STUMP » Articles » Public Pensions Watch: Lawsuits lawsuits everywhere... » 24 February 2015, 01:11

Where Stu & MP spout off about everything.

Public Pensions Watch: Lawsuits lawsuits everywhere...  


24 February 2015, 01:11

I mentioned back in January that there’s a few lawsuits out there against pension reform in Illinois, and now we’ve got a date:

SPRINGFIELD, Ill. • The Illinois Supreme Court has announced it will hear oral arguments in the state’s landmark pension-overhaul case on March 11.

Arguments will begin at 2:30 p.m. in the high court chamber in downtown Springfield.

The Illinois General Assembly and former Gov. Pat Quinn adopted a plan in late 2013 designed to cut into the $111 billion deficit in four state pension programs built by years of underfunding.

Illinois is not the only place with pension-reform-related lawsuits. Rhode Island had put through some reforms in 2011 and litigation surrounding it is still going on.

Lots of issues are not settled even within the approach:

NEWPORT – The Superior Court judge overseeing the state public pension case heard opposing arguments Friday on whether the half dozen groups challenging the legality of cuts in their retirement benefits should present their arguments in separate trials.

Lawyer John Tarantino, representing the state, told Judge Sarah Taft-Carter that the issue in all the cases is the same: did Rhode Island have the constitutional right to cut cost-of-living raises, raise retirement ages and take other cost-saving measures. Therefore, he said, the issue should be heard in one consolidated trial.

But lawyers representing various retiree groups and active public sector employees said the ramifications of the benefit cut reductions were diverse. One overarching trial, they said, would unfairly dilute the financial impacts the pension changes caused and make it difficult to present uniques cases.
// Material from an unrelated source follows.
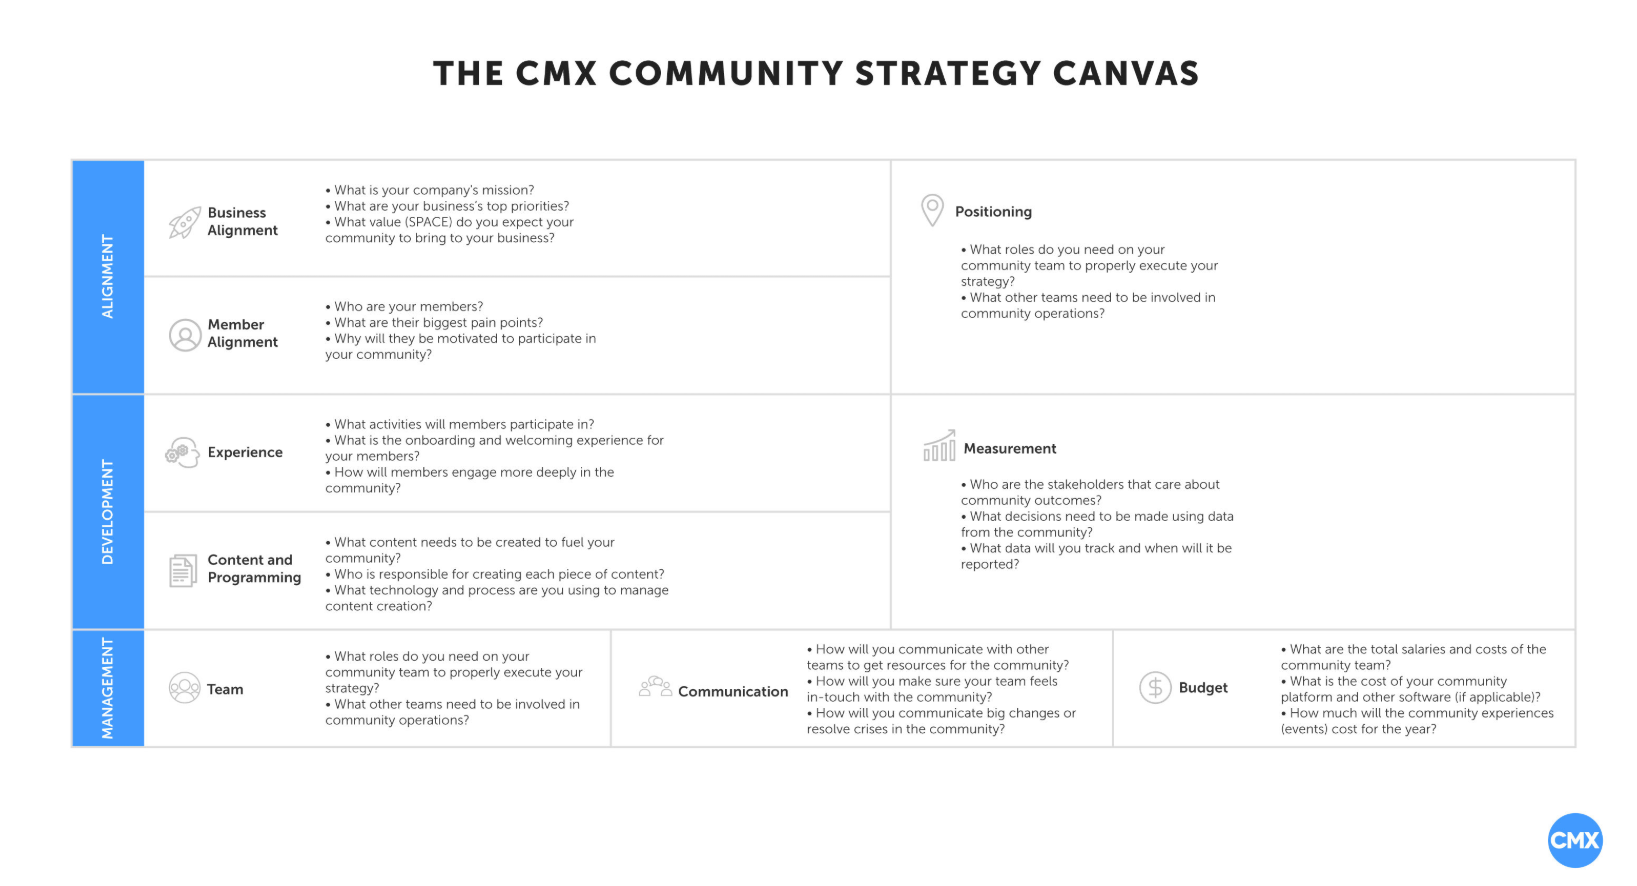 cmx community canva
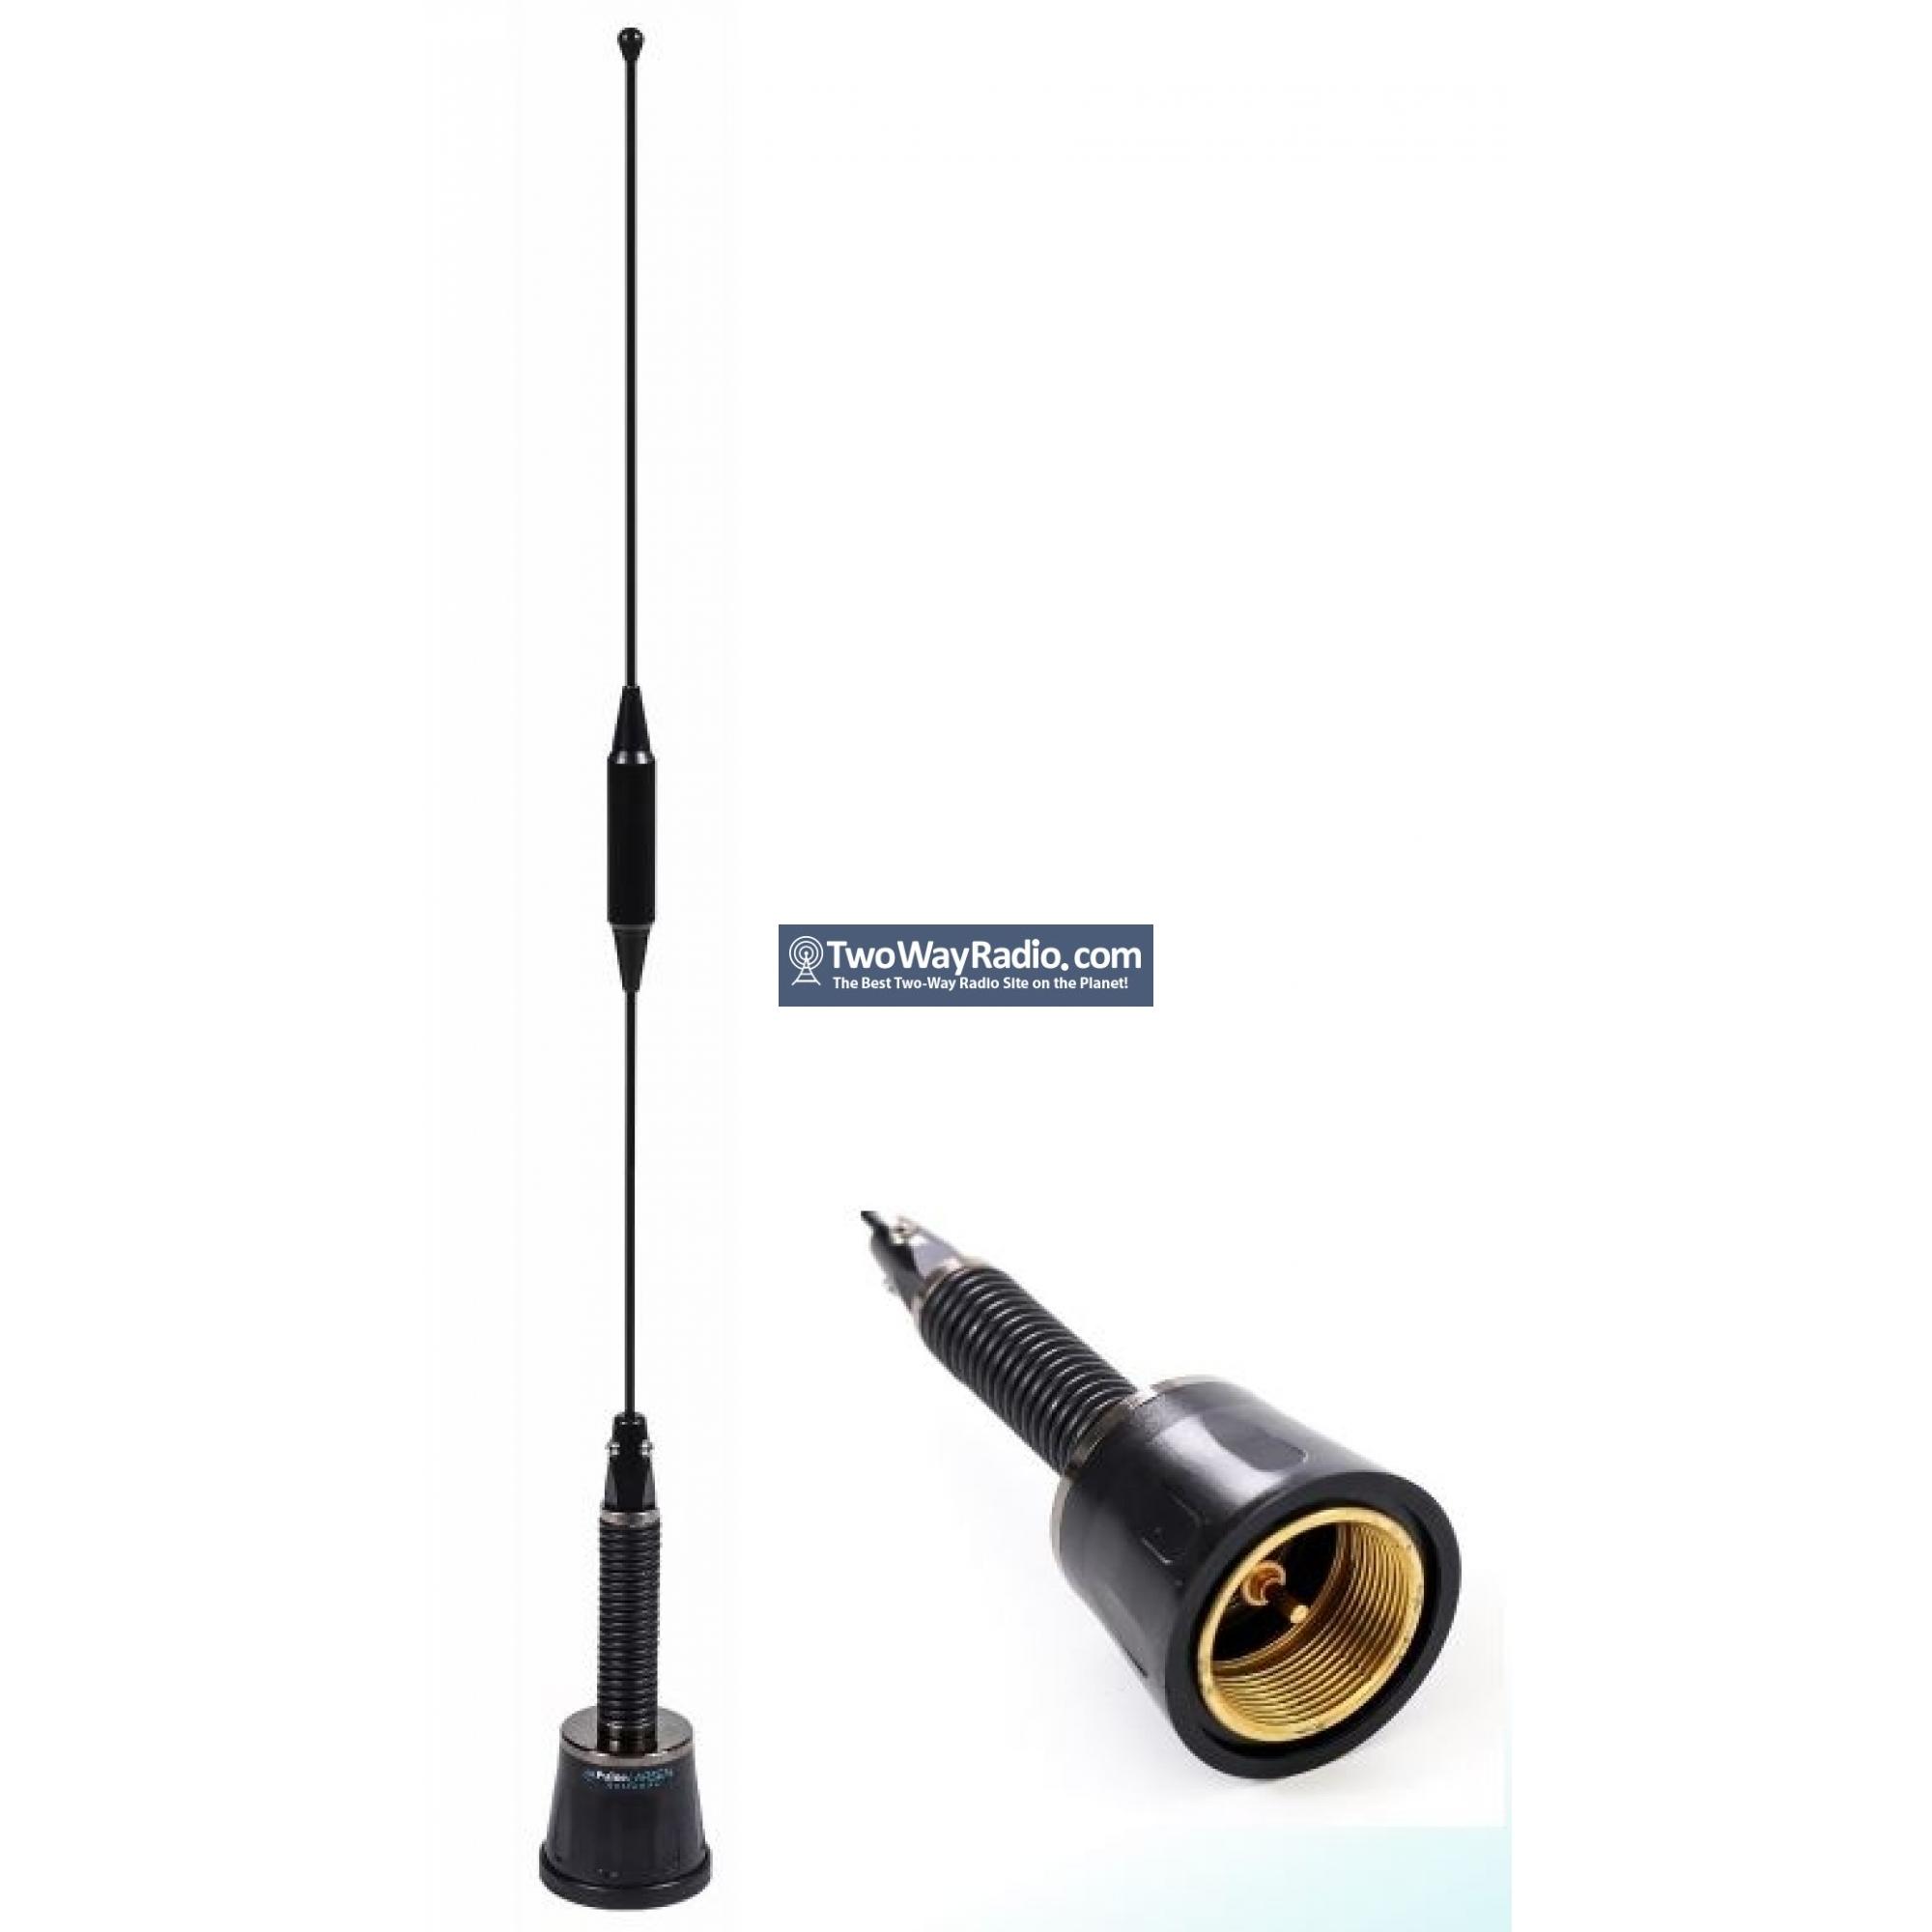 Larsen NMO150-450-800 Tri-Band Nmo Antenna

I am not a lawyer, but if the issue is whether any kind of change is constitutional — whether it’s COLAs, retirement age, or even cutting what current retirees are being paid — it seems like it should be handled together.

In many states, even minor adjustments to pensions have been ruled as unconstitutional, so why waste time?

Carly Beauvais Iafrate, representing about 7,000 members of the Rhode Island Public Employees’ Retiree Coalition, said retirees were “supposed to be an untouchable group” prior to the 2011 pension overhaul law.

She said she would want to argue at a separate trial that retirees had a “unique status” and “what the state is trying to do is dilute that status” by asking for one trial, with all public sector workers lumped together..

Yeah, one finds out that a group is not “untouchable” once the money runs out. Funny that.

Anyway, I find the lawsuits to be sideshows.

Yes, it’s important to go through process, but the situation in Rhode Island and Illinois is that they do not have enough money to fulfill all the promises they’ve made in the past.

Yes, fine, try to hit current taxpayers and bondholders before hitting current retirees, but that doesn’t mean they will never get touched.

As per Carl Richards and the Behavior Gap, paying the promises is simple, but not easy. They needed to have put in a lot into the pensions for decades, and not create too-rich promises that they couldn’t keep.

They didn’t do that.

And that choice has current consequences.